TASK STATEMENT
Without any of its pictures, the listing below should be output exactly.

GIVEN INFORMATION
##############################

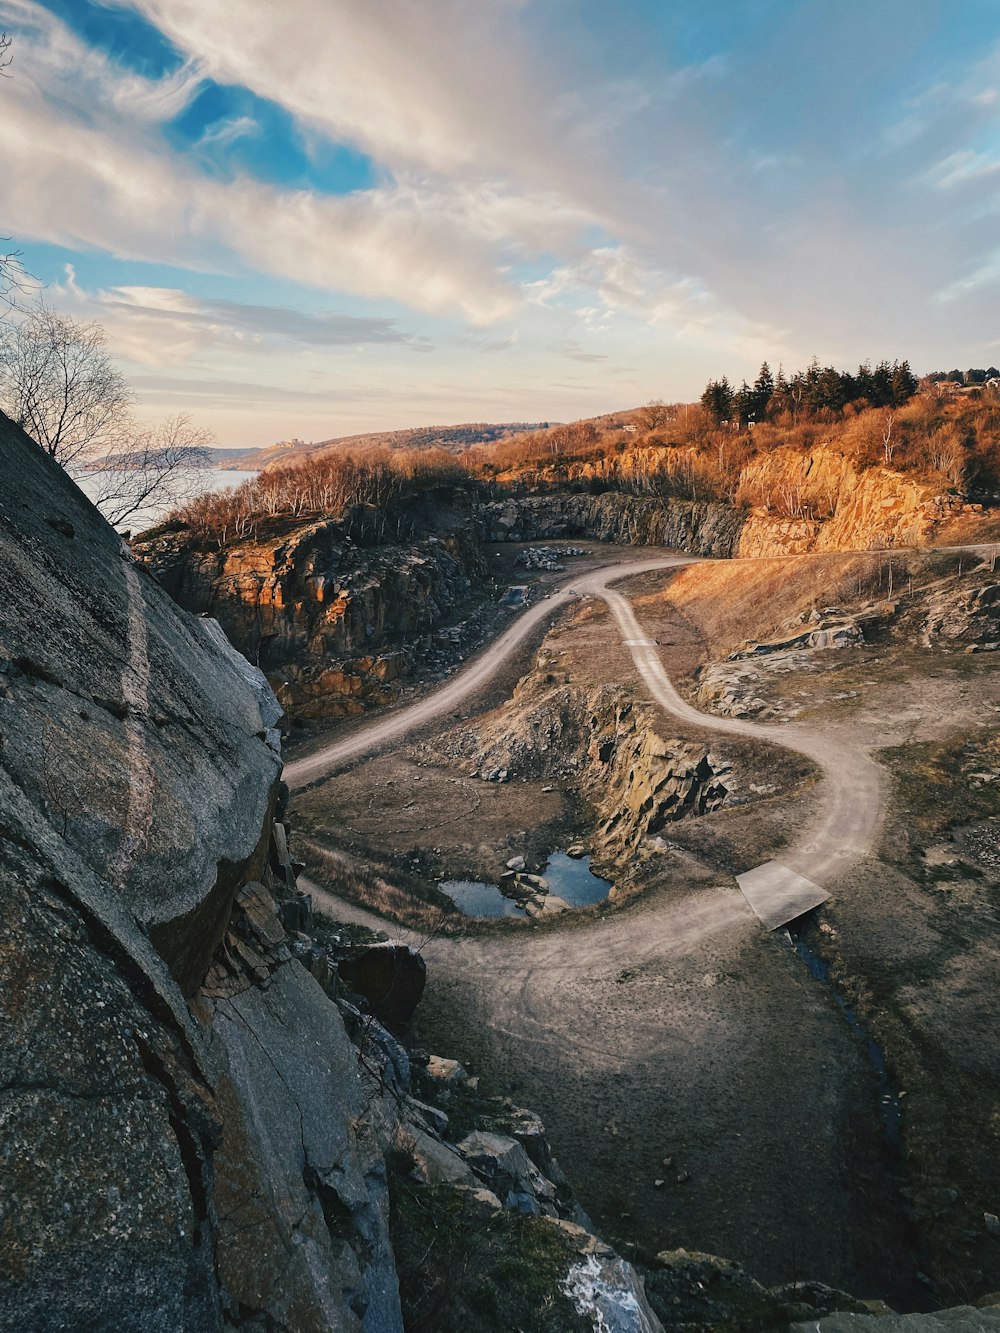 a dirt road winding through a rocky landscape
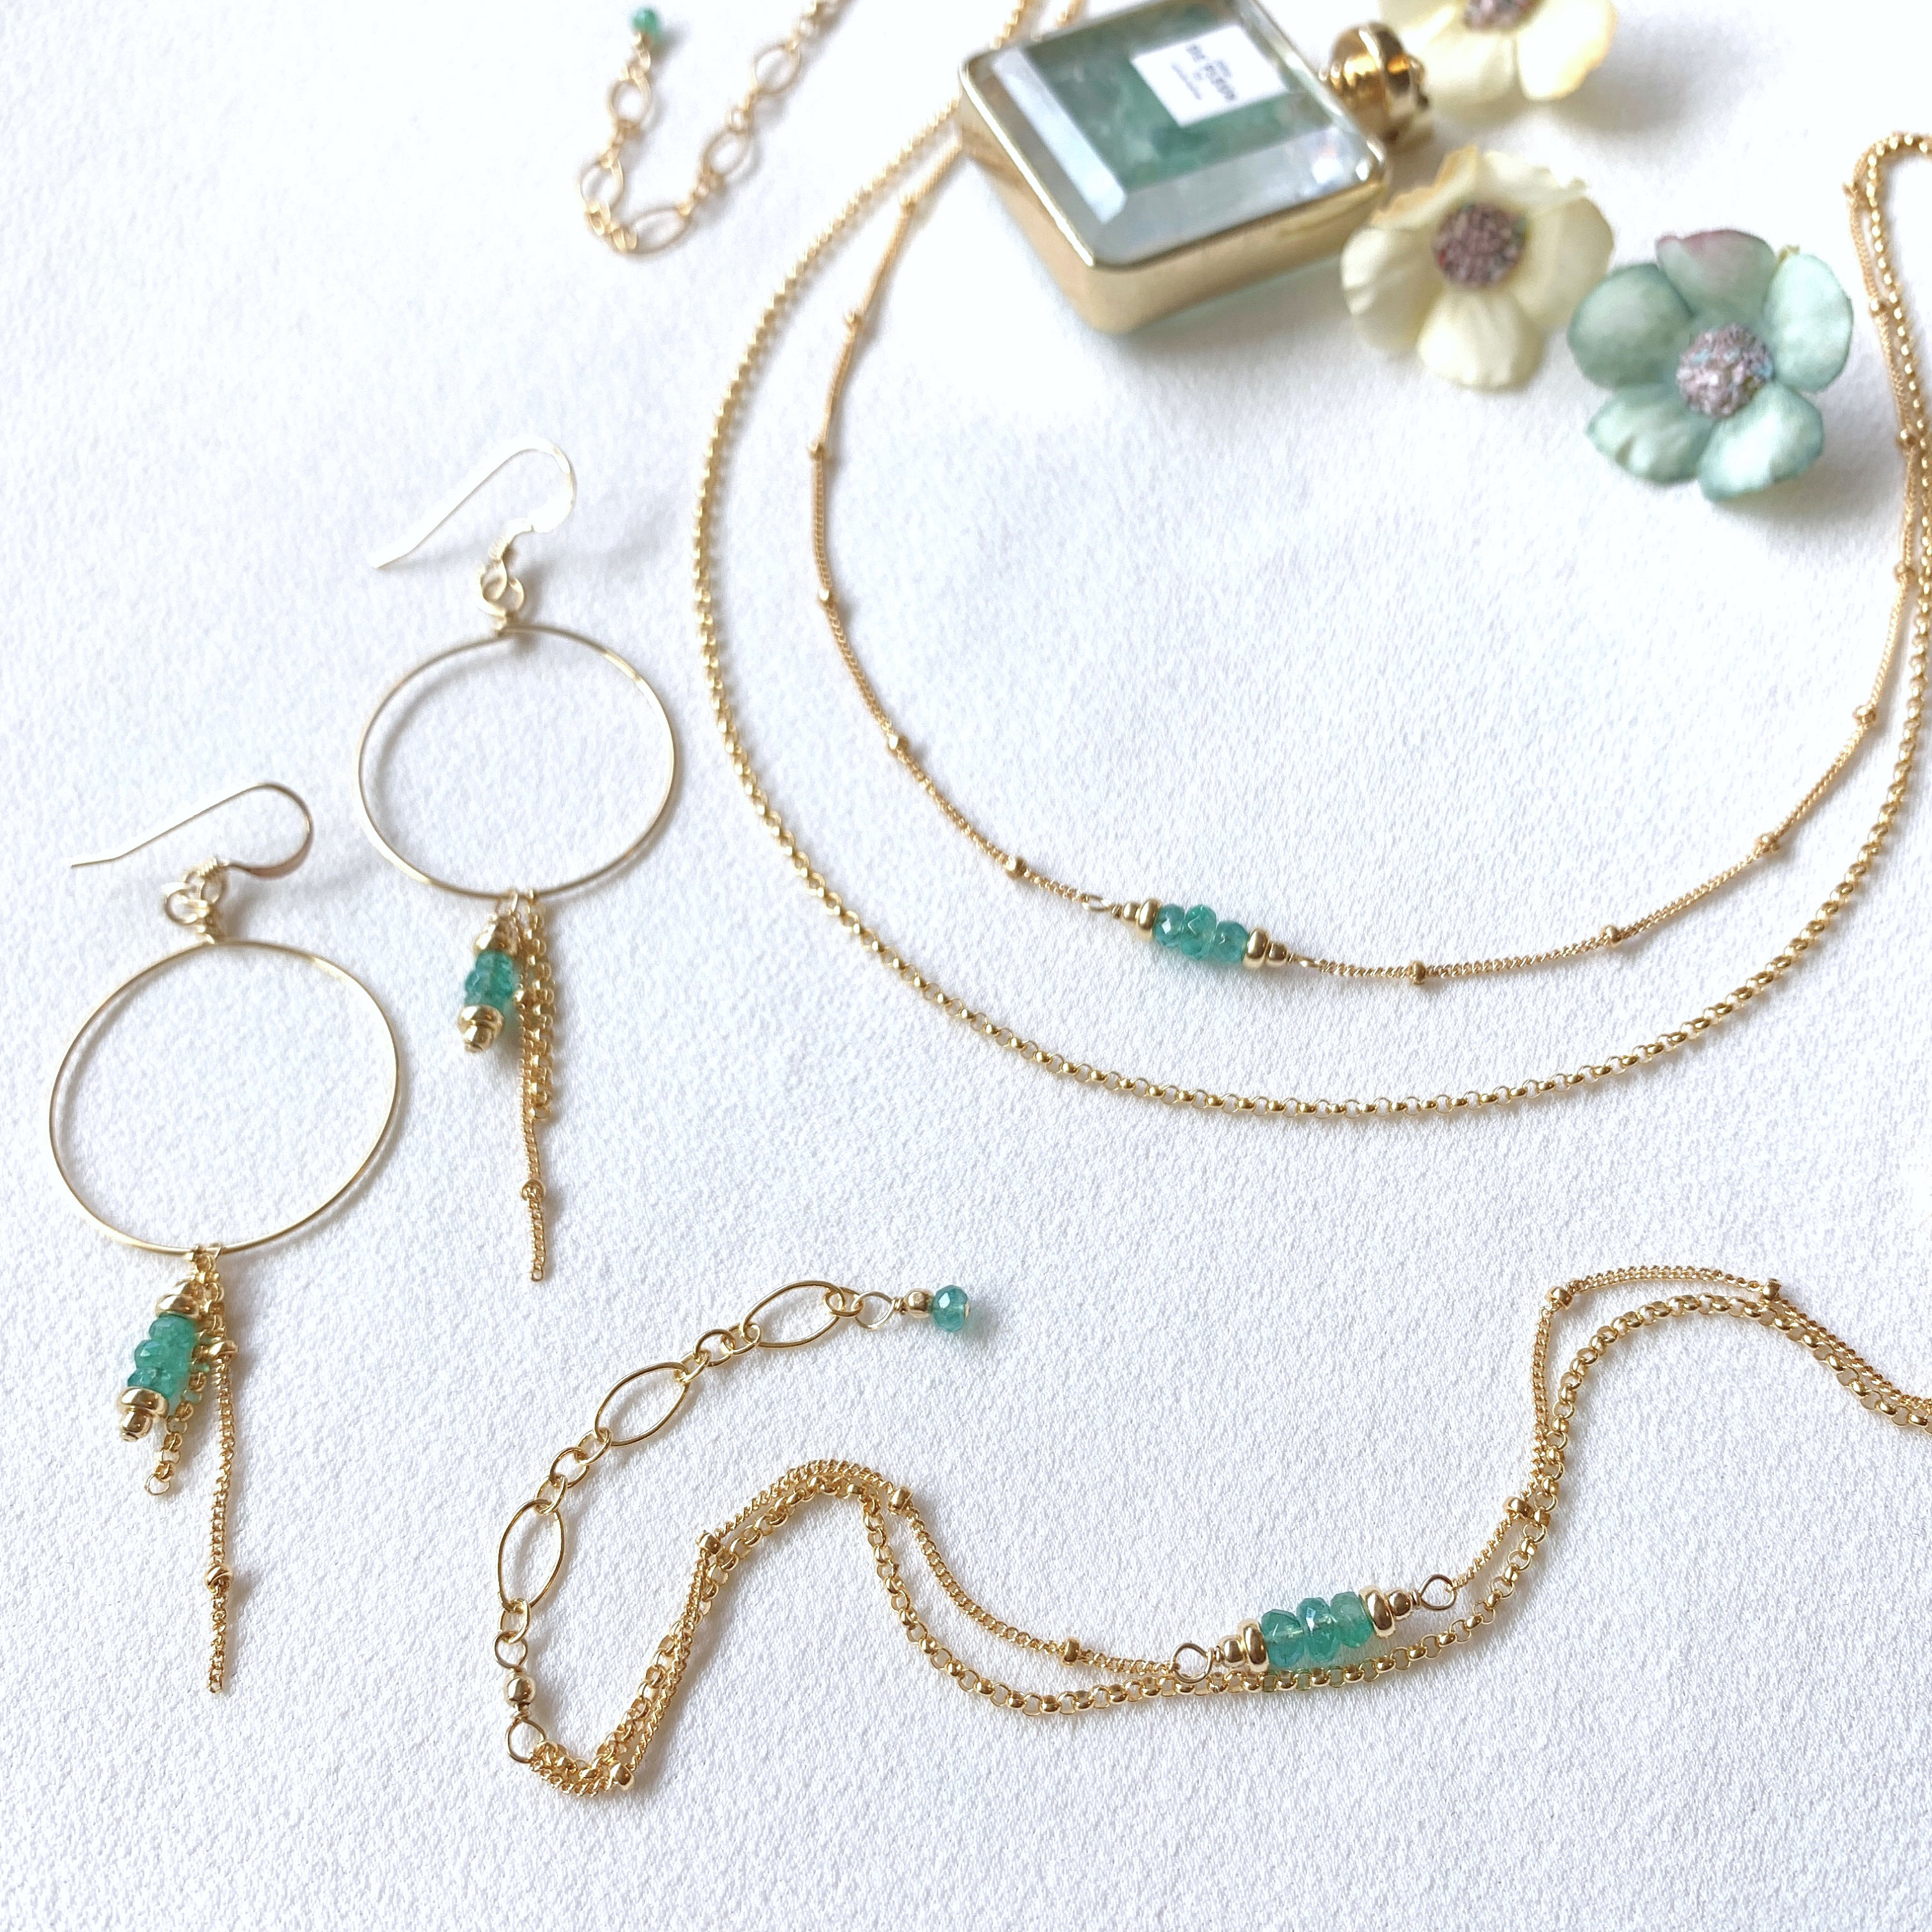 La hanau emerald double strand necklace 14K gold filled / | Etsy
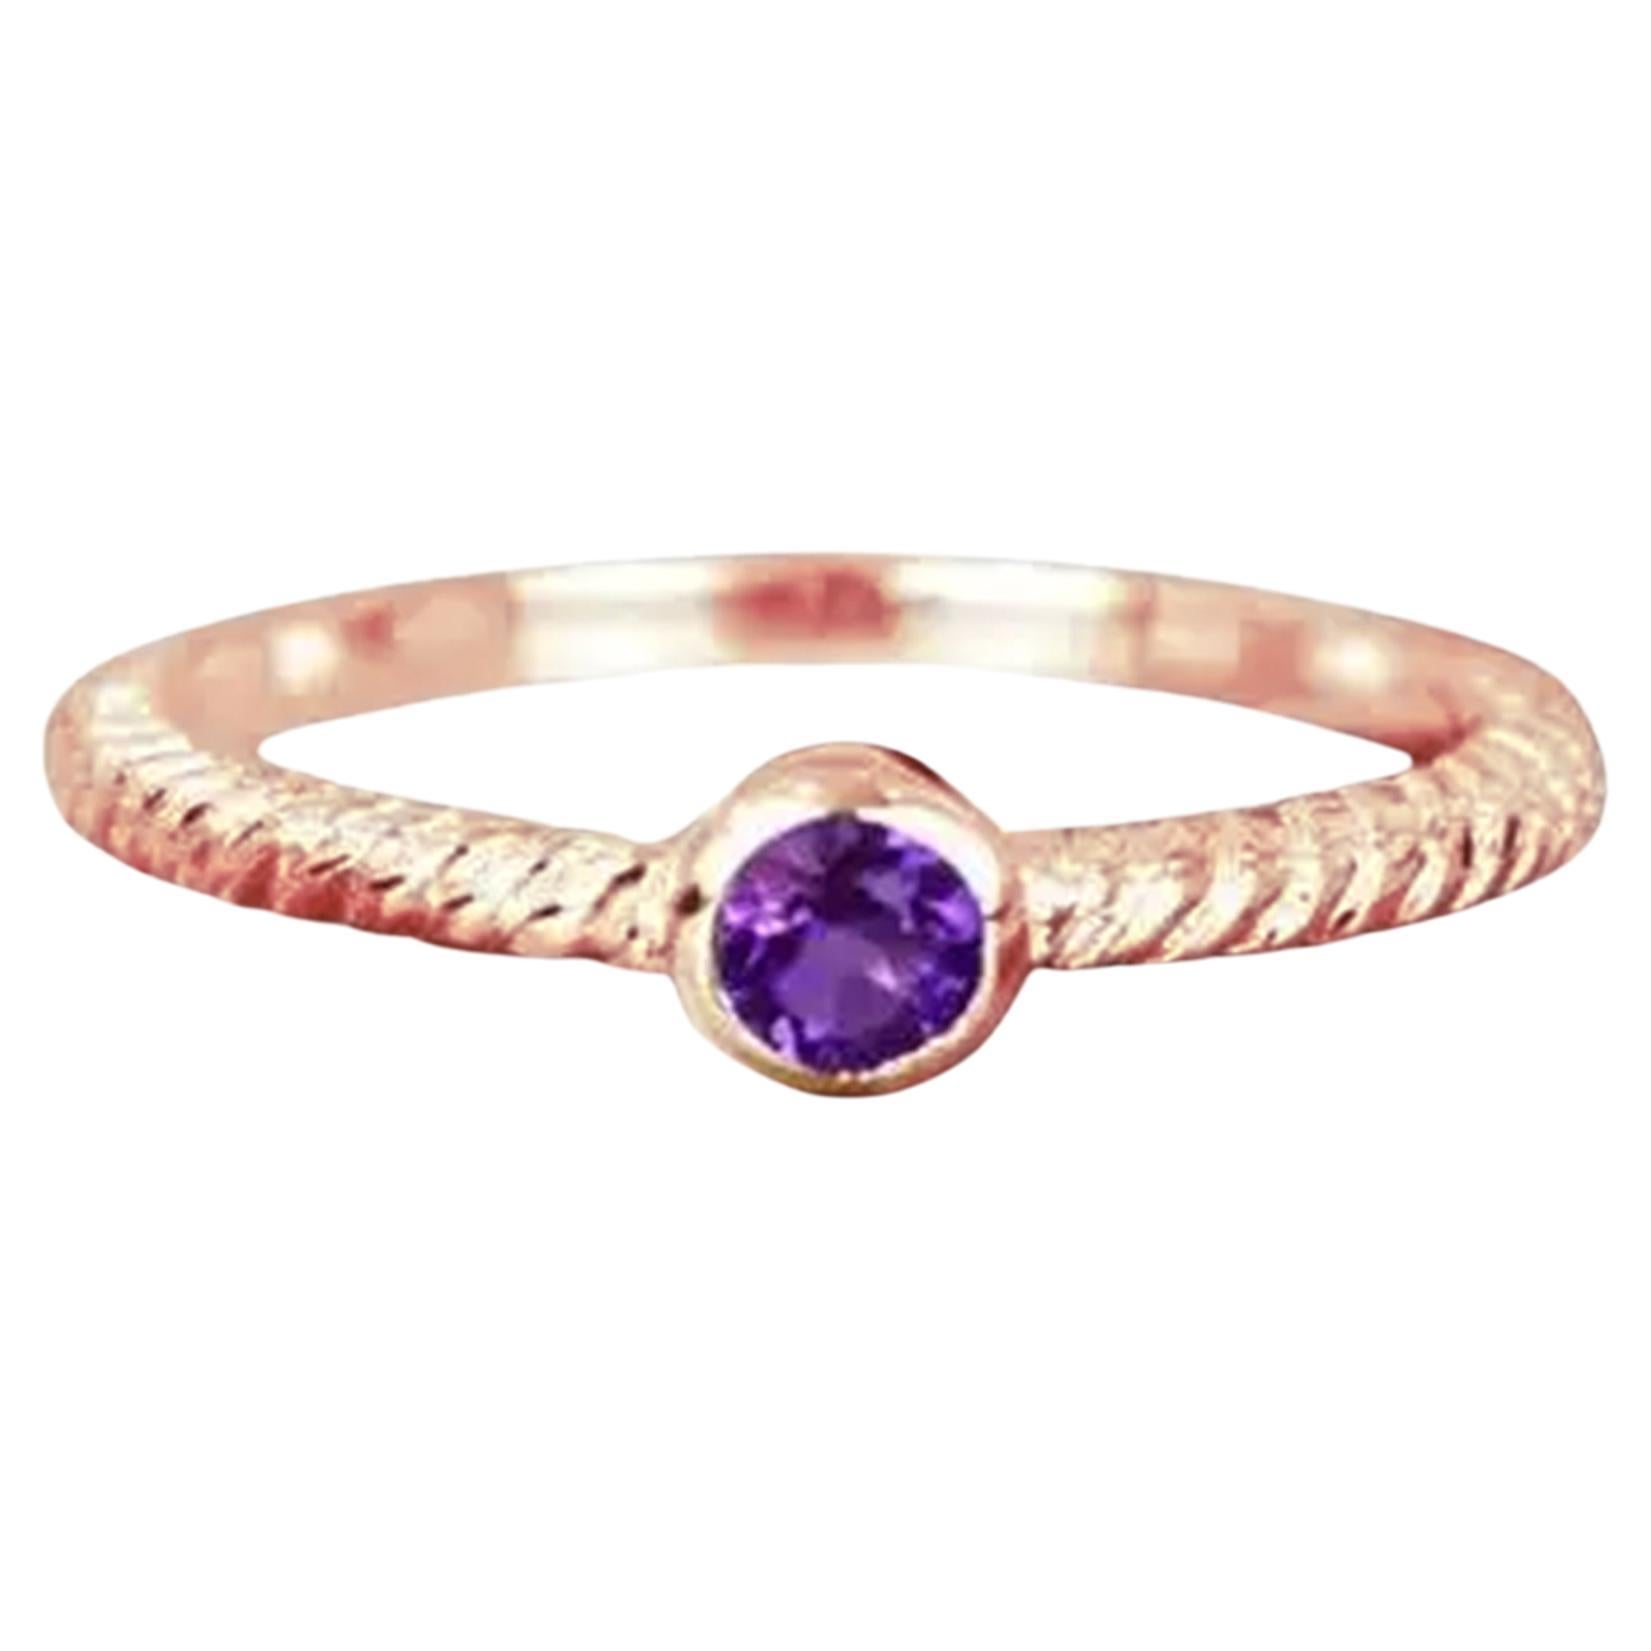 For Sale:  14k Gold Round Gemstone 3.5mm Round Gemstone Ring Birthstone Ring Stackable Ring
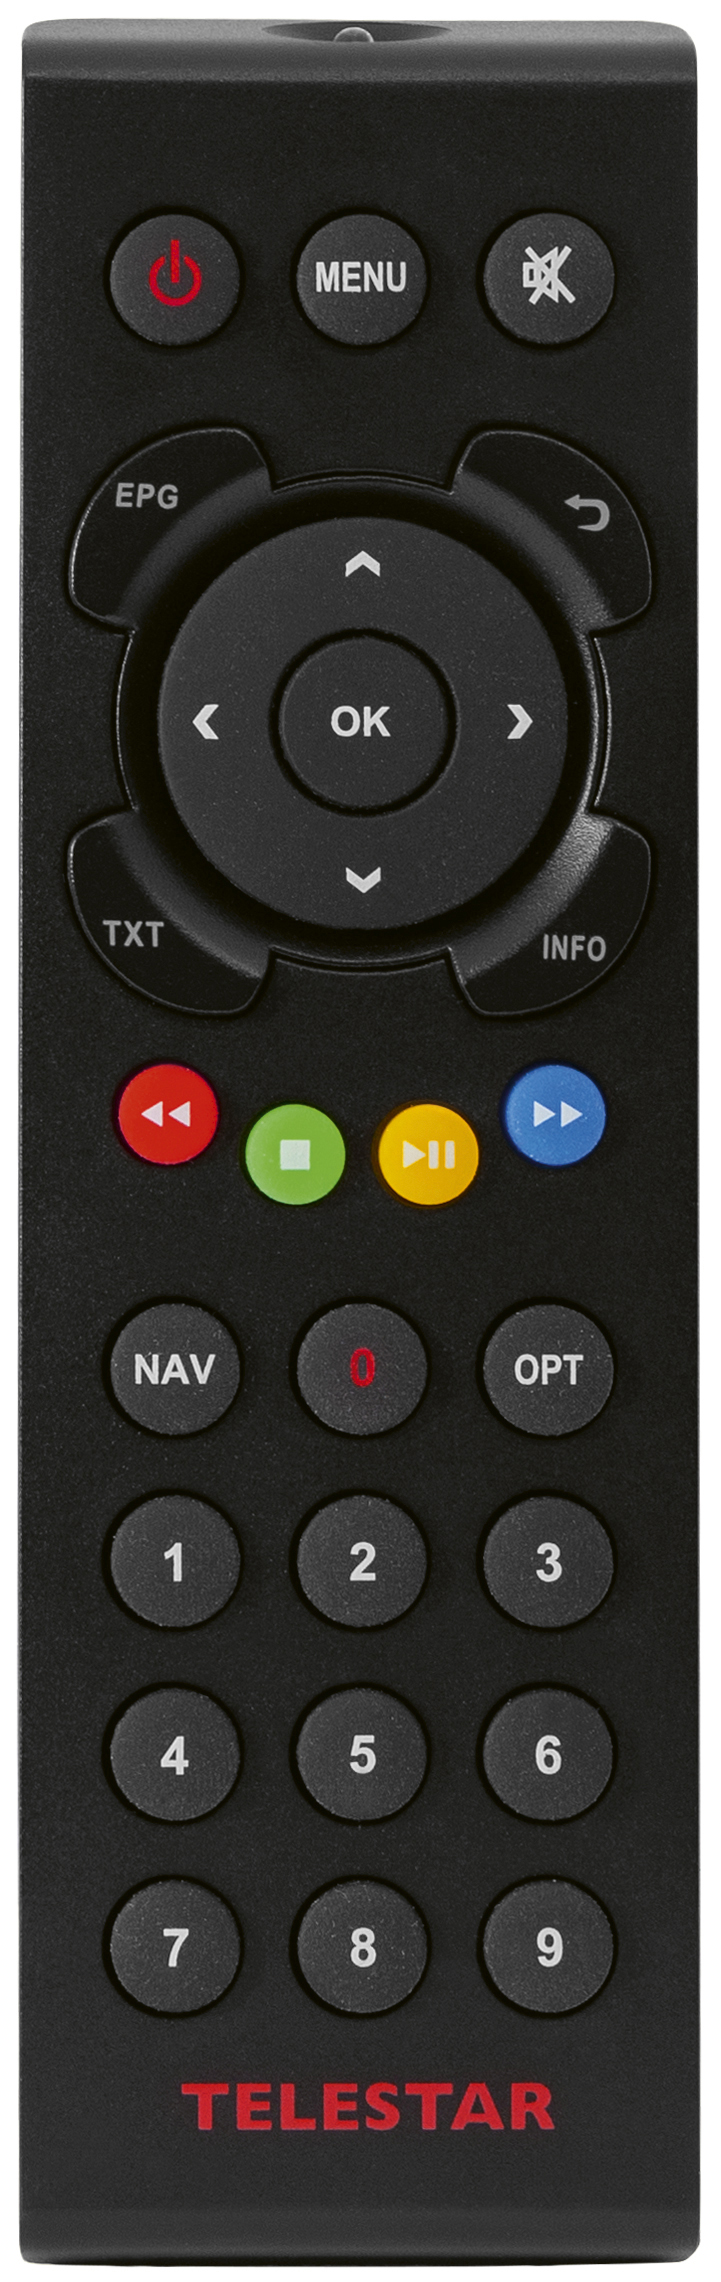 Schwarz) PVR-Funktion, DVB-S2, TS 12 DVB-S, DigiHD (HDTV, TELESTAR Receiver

##############################

PROBLEM SOLUTION
 a dirt road winding through a rocky landscape
 La hanau emerald double strand necklace 14K gold filled / | Etsy
 For Sale:  14k Gold Round Gemstone 3.5mm Round Gemstone Ring Birthstone Ring Stackable Ring
 Schwarz) PVR-Funktion, DVB-S2, TS 12 DVB-S, DigiHD (HDTV, TELESTAR Receiver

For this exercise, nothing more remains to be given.